3) I may be pushing things just too far with this same animation. As I understand it, the Subdivs setting for the Lightcache in Flythrough mode is a number of samples that is spread *evenly* throughout the whole of the animation path. In the above scenario with 30-odd buildings on a massive business park, my Subdivs setting would need to be many thousands (?). Am I right? In your tutorial, you set it to 3300 - this is for a very small scene in comparison to the business park I am working on. This suggests a figure of 30000+ Subdivs! I assume this would either take for ever and a day to calculate or crash my system.

Is this where the ‘brute force’ method comes into play, and if so, the dreaded ‘flicker’?

Do you think an animation like this is even feasible with Vray?

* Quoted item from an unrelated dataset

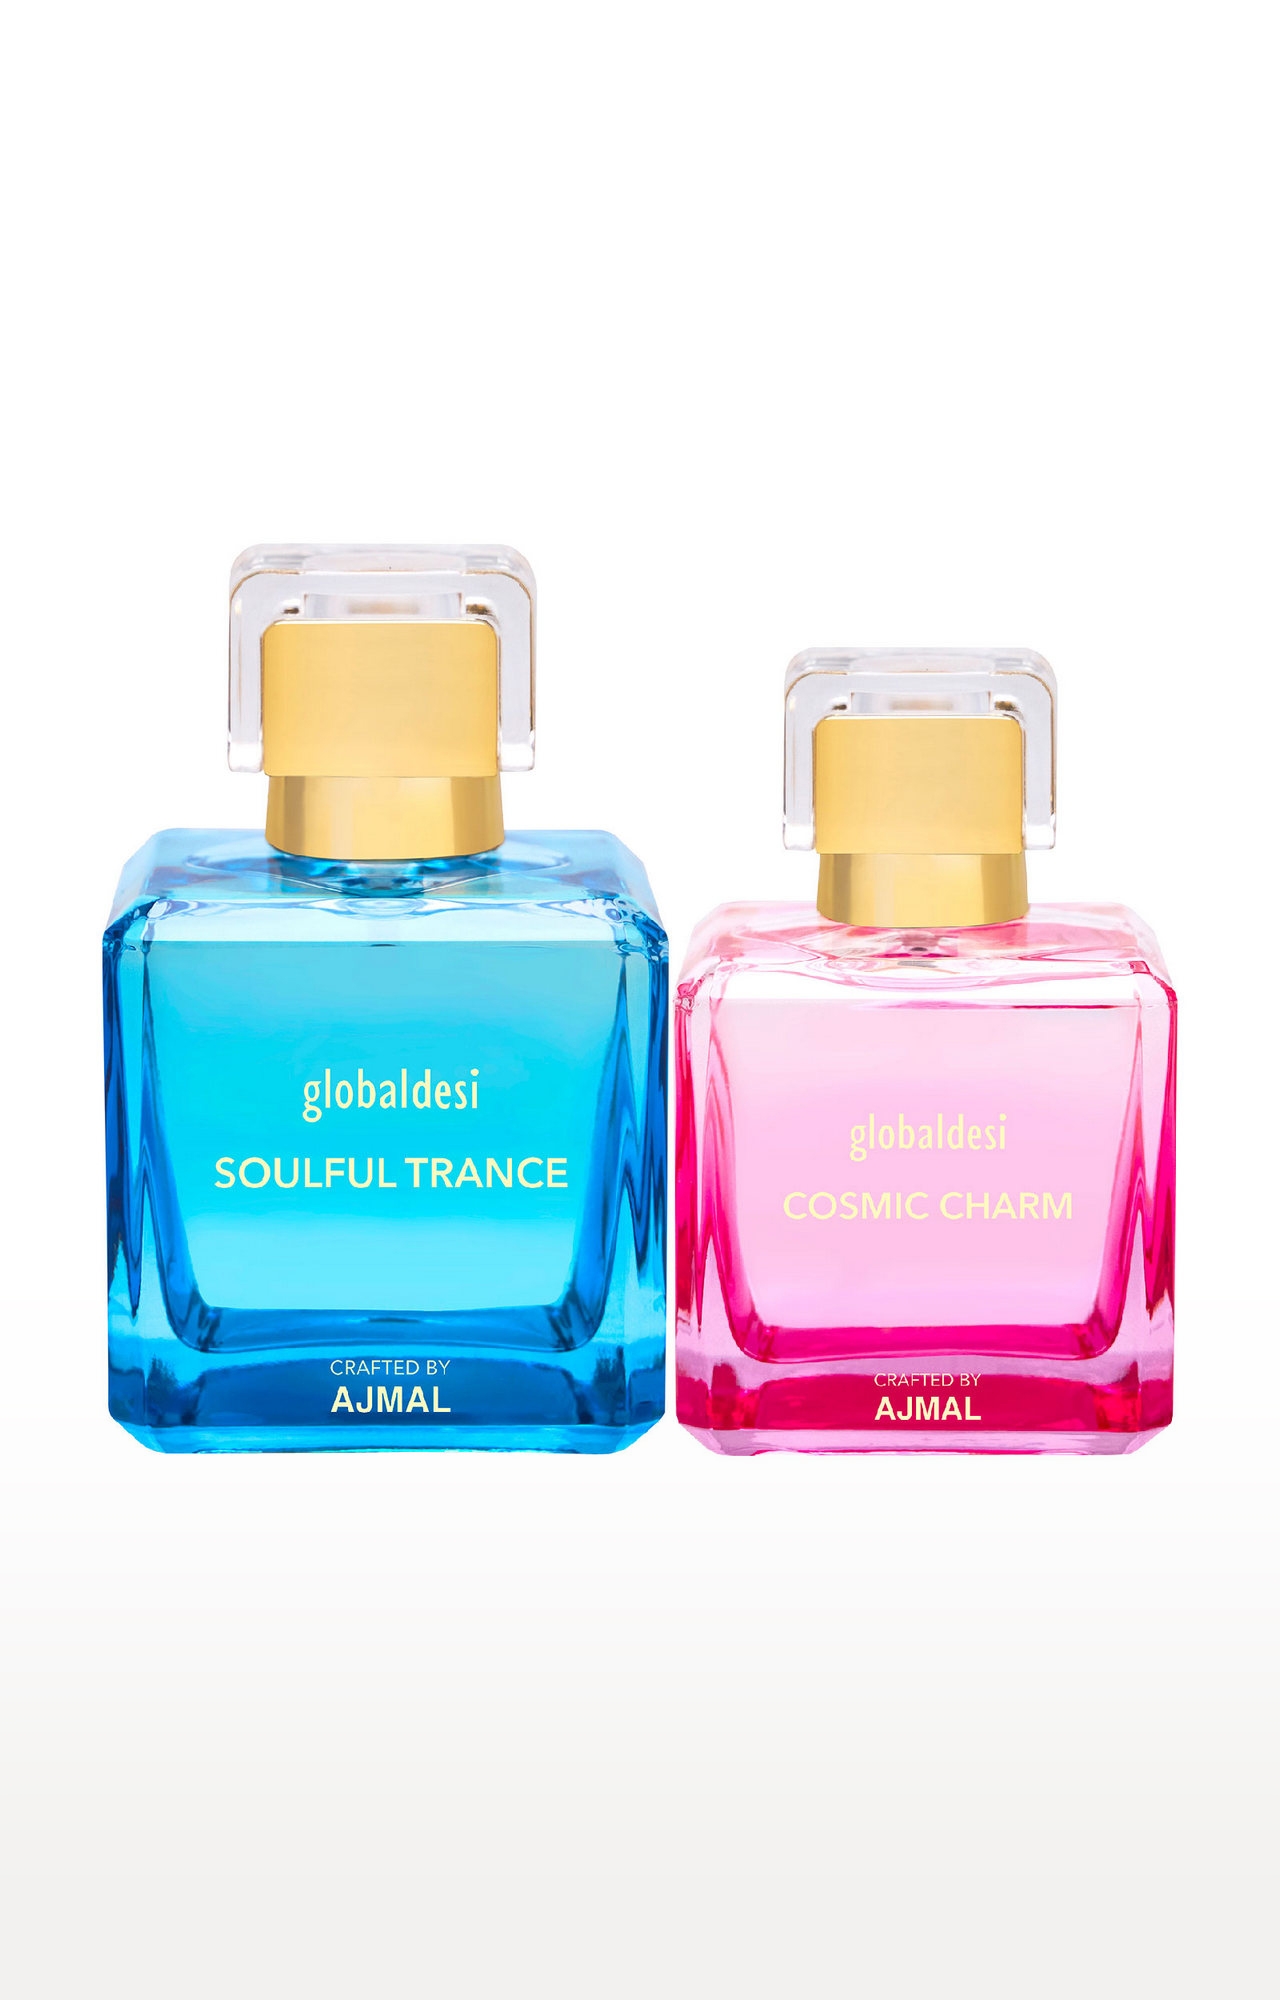 Global Desi Crafted By Ajmal | Global Desi Soulful Trance 100ML & Cosmic Charm 50ML Eau De Parfum for Women Crafted by Ajmal + 2 Parfum Testers

In part two the lightcache is indeed used by the ir map calculation to speed things up. This is the same in a single frame, the LC is always calculated first so that IR map can use this info.

In your scene I think it is best to break the anim up into multiple scenes so you don’t have to calculate the LC for the whole anim at once. You would indeed need insane amount of subdivs especially when you enter the buildings too.

You can still use world scale (which should be better otherwise samples in the distance will be much larger than those close to the camera). But don’t set it to 0.01 if you work in mm… You don’t want samples to be 1/100th of a mm small :slight_smile: Also here, breaking up in scenes would be better so you can use smaller samples in your interior vs exterior.

Thanks flipside! I’m having a play around now.

Do you use Lightcache for all animations now? I’m wondering if I should go “all the way” as it were, for both internakl and external? :?

I used it for an interior scene, but it was a pretty easy scene. I don’t know if it will make much of a difference in exteriors (because there isn’t much secondary bounces anyways). But for interiors it is definatly way faster.

Another thing: the tutorial mentions:
“Make sure that the timeline animation range matches the range which you want to render”

How do I do this? Basically, I have quite a few cameras of varying lengths from 0 to 90 seconds. If I am looking at one specific camera with a range from 20 to 30 seconds, how do I achieve this? Is it just by setting Time Output/Range in the Render/Common box?

The reason why I am thinking this doesn’t work is because when it builds the LC, I can see elements in the samples from much earlier in the cameras path than I wish to compute. Does this make sense?

The LC animation mode should only be used for 1 camera I think.

If cam one moves from frame 300 to 1200, set the visible part of the timeline from 300-1200 and render the LC for that cam. Do the same for the other cams and save them all to different files so you can load the appropriate one when you will do the IR map pass for each cam.

I guess you know how to make a certain range visible? Just press the time configuration button next to the frame number field and set start and end time.

That was the bit I couldn’t work out! Cheers flipside.